> _About this task_
Print the listing that follows, character for character.

> _Extracted data_
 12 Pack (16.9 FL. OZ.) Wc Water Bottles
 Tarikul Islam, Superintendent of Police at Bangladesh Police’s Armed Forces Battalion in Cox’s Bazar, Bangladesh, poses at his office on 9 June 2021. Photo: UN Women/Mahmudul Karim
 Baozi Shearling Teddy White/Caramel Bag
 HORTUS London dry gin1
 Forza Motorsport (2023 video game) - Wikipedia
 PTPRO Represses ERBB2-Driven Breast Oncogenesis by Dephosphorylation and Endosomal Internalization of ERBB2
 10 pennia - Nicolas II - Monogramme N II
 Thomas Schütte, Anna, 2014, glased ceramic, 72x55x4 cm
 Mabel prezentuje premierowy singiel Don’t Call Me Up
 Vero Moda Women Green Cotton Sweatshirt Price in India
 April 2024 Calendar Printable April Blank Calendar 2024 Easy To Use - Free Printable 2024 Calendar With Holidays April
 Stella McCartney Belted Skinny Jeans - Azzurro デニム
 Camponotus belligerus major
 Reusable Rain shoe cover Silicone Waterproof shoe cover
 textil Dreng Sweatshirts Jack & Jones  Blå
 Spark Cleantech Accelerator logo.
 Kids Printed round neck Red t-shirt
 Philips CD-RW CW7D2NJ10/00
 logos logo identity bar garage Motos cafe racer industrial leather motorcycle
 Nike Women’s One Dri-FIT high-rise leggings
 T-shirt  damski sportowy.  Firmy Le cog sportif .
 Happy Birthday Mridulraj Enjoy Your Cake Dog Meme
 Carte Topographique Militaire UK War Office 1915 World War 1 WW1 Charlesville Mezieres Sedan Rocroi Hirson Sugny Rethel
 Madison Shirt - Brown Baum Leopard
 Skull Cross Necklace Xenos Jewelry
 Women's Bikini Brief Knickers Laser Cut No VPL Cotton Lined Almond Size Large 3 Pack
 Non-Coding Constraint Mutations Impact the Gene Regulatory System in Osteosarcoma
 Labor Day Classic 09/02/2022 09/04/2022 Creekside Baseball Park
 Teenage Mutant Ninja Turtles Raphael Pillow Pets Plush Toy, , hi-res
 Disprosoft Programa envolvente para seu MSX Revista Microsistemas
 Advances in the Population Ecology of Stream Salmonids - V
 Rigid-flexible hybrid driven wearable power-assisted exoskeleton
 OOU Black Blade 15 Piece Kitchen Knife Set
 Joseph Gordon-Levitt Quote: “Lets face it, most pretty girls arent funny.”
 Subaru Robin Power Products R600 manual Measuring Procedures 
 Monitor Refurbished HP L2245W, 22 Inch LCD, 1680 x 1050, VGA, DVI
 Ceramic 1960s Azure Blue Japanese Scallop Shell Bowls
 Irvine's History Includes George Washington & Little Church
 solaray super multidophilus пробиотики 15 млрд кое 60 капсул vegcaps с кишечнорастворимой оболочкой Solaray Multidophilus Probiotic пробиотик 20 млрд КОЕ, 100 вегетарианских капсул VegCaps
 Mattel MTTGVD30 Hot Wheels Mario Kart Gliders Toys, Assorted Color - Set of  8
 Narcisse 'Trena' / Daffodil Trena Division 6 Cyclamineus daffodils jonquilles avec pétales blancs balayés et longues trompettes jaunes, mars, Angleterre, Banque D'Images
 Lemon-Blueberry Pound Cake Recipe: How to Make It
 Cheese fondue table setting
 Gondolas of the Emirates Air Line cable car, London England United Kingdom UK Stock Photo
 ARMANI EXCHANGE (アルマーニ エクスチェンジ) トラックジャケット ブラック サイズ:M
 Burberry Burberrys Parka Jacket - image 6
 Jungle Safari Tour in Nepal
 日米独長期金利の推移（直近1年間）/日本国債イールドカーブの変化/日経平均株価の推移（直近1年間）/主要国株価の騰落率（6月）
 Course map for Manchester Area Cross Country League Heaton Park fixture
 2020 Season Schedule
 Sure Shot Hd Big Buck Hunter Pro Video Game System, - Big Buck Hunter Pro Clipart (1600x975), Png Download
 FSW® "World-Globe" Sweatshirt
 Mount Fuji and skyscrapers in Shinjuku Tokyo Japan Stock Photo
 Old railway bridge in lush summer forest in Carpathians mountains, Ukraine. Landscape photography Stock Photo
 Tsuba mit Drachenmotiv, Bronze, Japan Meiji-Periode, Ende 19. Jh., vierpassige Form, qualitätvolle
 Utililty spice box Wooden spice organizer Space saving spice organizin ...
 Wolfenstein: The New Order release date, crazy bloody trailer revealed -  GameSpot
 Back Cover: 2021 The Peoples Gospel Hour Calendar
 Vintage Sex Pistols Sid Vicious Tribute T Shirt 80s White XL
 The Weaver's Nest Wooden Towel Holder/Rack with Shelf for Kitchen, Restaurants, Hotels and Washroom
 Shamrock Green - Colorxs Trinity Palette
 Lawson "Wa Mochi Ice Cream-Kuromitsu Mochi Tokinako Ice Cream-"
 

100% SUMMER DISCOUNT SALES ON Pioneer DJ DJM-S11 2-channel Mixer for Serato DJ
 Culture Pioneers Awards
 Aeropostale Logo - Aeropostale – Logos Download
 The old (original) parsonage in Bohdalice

> _Task output_
 12 Pack (16.9 FL. OZ.) Wc Water Bottles
 Tarikul Islam, Superintendent of Police at Bangladesh Police’s Armed Forces Battalion in Cox’s Bazar, Bangladesh, poses at his office on 9 June 2021. Photo: UN Women/Mahmudul Karim
 Baozi Shearling Teddy White/Caramel Bag
 HORTUS London dry gin1
 Forza Motorsport (2023 video game) - Wikipedia
 PTPRO Represses ERBB2-Driven Breast Oncogenesis by Dephosphorylation and Endosomal Internalization of ERBB2
 10 pennia - Nicolas II - Monogramme N II
 Thomas Schütte, Anna, 2014, glased ceramic, 72x55x4 cm
 Mabel prezentuje premierowy singiel Don’t Call Me Up
 Vero Moda Women Green Cotton Sweatshirt Price in India
 April 2024 Calendar Printable April Blank Calendar 2024 Easy To Use - Free Printable 2024 Calendar With Holidays April
 Stella McCartney Belted Skinny Jeans - Azzurro デニム
 Camponotus belligerus major
 Reusable Rain shoe cover Silicone Waterproof shoe cover
 textil Dreng Sweatshirts Jack & Jones  Blå
 Spark Cleantech Accelerator logo.
 Kids Printed round neck Red t-shirt
 Philips CD-RW CW7D2NJ10/00
 logos logo identity bar garage Motos cafe racer industrial leather motorcycle
 Nike Women’s One Dri-FIT high-rise leggings
 T-shirt  damski sportowy.  Firmy Le cog sportif .
 Happy Birthday Mridulraj Enjoy Your Cake Dog Meme
 Carte Topographique Militaire UK War Office 1915 World War 1 WW1 Charlesville Mezieres Sedan Rocroi Hirson Sugny Rethel
 Madison Shirt - Brown Baum Leopard
 Skull Cross Necklace Xenos Jewelry
 Women's Bikini Brief Knickers Laser Cut No VPL Cotton Lined Almond Size Large 3 Pack
 Non-Coding Constraint Mutations Impact the Gene Regulatory System in Osteosarcoma
 Labor Day Classic 09/02/2022 09/04/2022 Creekside Baseball Park
 Teenage Mutant Ninja Turtles Raphael Pillow Pets Plush Toy, , hi-res
 Disprosoft Programa envolvente para seu MSX Revista Microsistemas
 Advances in the Population Ecology of Stream Salmonids - V
 Rigid-flexible hybrid driven wearable power-assisted exoskeleton
 OOU Black Blade 15 Piece Kitchen Knife Set
 Joseph Gordon-Levitt Quote: “Lets face it, most pretty girls arent funny.”
 Subaru Robin Power Products R600 manual Measuring Procedures 
 Monitor Refurbished HP L2245W, 22 Inch LCD, 1680 x 1050, VGA, DVI
 Ceramic 1960s Azure Blue Japanese Scallop Shell Bowls
 Irvine's History Includes George Washington & Little Church
 solaray super multidophilus пробиотики 15 млрд кое 60 капсул vegcaps с кишечнорастворимой оболочкой Solaray Multidophilus Probiotic пробиотик 20 млрд КОЕ, 100 вегетарианских капсул VegCaps
 Mattel MTTGVD30 Hot Wheels Mario Kart Gliders Toys, Assorted Color - Set of  8
 Narcisse 'Trena' / Daffodil Trena Division 6 Cyclamineus daffodils jonquilles avec pétales blancs balayés et longues trompettes jaunes, mars, Angleterre, Banque D'Images
 Lemon-Blueberry Pound Cake Recipe: How to Make It
 Cheese fondue table setting
 Gondolas of the Emirates Air Line cable car, London England United Kingdom UK Stock Photo
 ARMANI EXCHANGE (アルマーニ エクスチェンジ) トラックジャケット ブラック サイズ:M
 Burberry Burberrys Parka Jacket - image 6
 Jungle Safari Tour in Nepal
 日米独長期金利の推移（直近1年間）/日本国債イールドカーブの変化/日経平均株価の推移（直近1年間）/主要国株価の騰落率（6月）
 Course map for Manchester Area Cross Country League Heaton Park fixture
 2020 Season Schedule
 Sure Shot Hd Big Buck Hunter Pro Video Game System, - Big Buck Hunter Pro Clipart (1600x975), Png Download
 FSW® "World-Globe" Sweatshirt
 Mount Fuji and skyscrapers in Shinjuku Tokyo Japan Stock Photo
 Old railway bridge in lush summer forest in Carpathians mountains, Ukraine. Landscape photography Stock Photo
 Tsuba mit Drachenmotiv, Bronze, Japan Meiji-Periode, Ende 19. Jh., vierpassige Form, qualitätvolle
 Utililty spice box Wooden spice organizer Space saving spice organizin ...
 Wolfenstein: The New Order release date, crazy bloody trailer revealed -  GameSpot
 Back Cover: 2021 The Peoples Gospel Hour Calendar
 Vintage Sex Pistols Sid Vicious Tribute T Shirt 80s White XL
 The Weaver's Nest Wooden Towel Holder/Rack with Shelf for Kitchen, Restaurants, Hotels and Washroom
 Shamrock Green - Colorxs Trinity Palette
 Lawson "Wa Mochi Ice Cream-Kuromitsu Mochi Tokinako Ice Cream-"
 

100% SUMMER DISCOUNT SALES ON Pioneer DJ DJM-S11 2-channel Mixer for Serato DJ
 Culture Pioneers Awards
 Aeropostale Logo - Aeropostale – Logos Download
 The old (original) parsonage in Bohdalice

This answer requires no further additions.